First, claimant argues that the carrier consented to the settlement thereby waiving its right to the offset. We reject *774claimant’s argument that the Supreme Court order approving the settlement implicitly established the carrier’s consent. The question of whether the carrier had consented to the settlement was not an issue that necessarily had any relevance to Supreme Court in the exercise of its discretion to grant claimant’s application for judicial approval of the settlement nunc pro tunc (see, Matter of Gilson v National Union Fire Ins. Co., 246 AD2d 897). Rather, the issue of whether the carrier consented to the settlement is for the Board to decide and its decision, if supported by substantial evidence, will not be disturbed (see, Matter of Wright v Golden Arrow Line, 206 AD2d 759).
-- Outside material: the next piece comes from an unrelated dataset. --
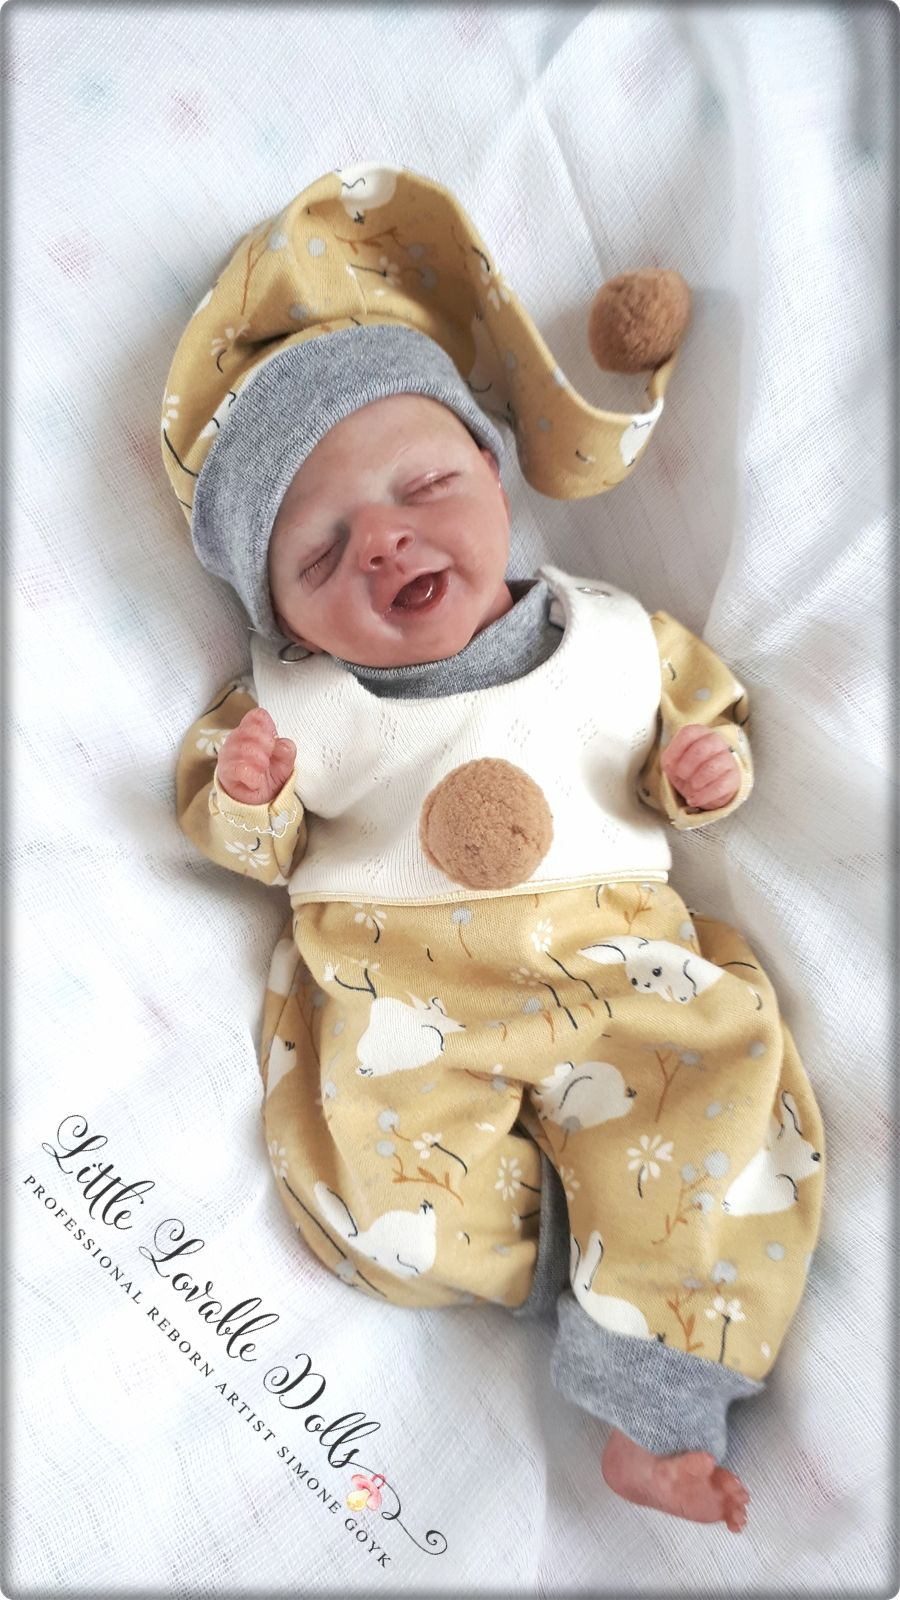 Mini Reborn Baby Salia Bausatz Olga Auer Reborn Babies Reborn Baby Dolls Baby Dolls

In this case, the Board found no consent. Although there is evidence that the carrier had participated in a settlement conference where the terms of a possible settlement were discussed, there is no evidence of the carrier’s participation in or consent to the settlement itself, which occurred several months later. Accordingly, there is no basis to disturb the Board’s decision on the issue of the carrier’s consent.

The Board also correctly interpreted this Court’s holding in Matter of Miller v Arrow Carriers Corp. (130 AD2d 279) as precluding a court from waiving a carrier’s right to future offset where the carrier has expressly reserved its offset right (id., at 281-282). Whether the carrier expressly reserved that right was also an issue for resolution by the Board and, again, its decision, if supported by substantial evidence, will not be disturbed (see, Matter of Whitcomb v Xerox Corp., 246 AD2d 947, 948). Based upon the affidavit submitted by the employer in response to claimant’s application for court approval, we conclude that the Board could rationally find that the carrier’s right to future offset was expressly reserved in this case.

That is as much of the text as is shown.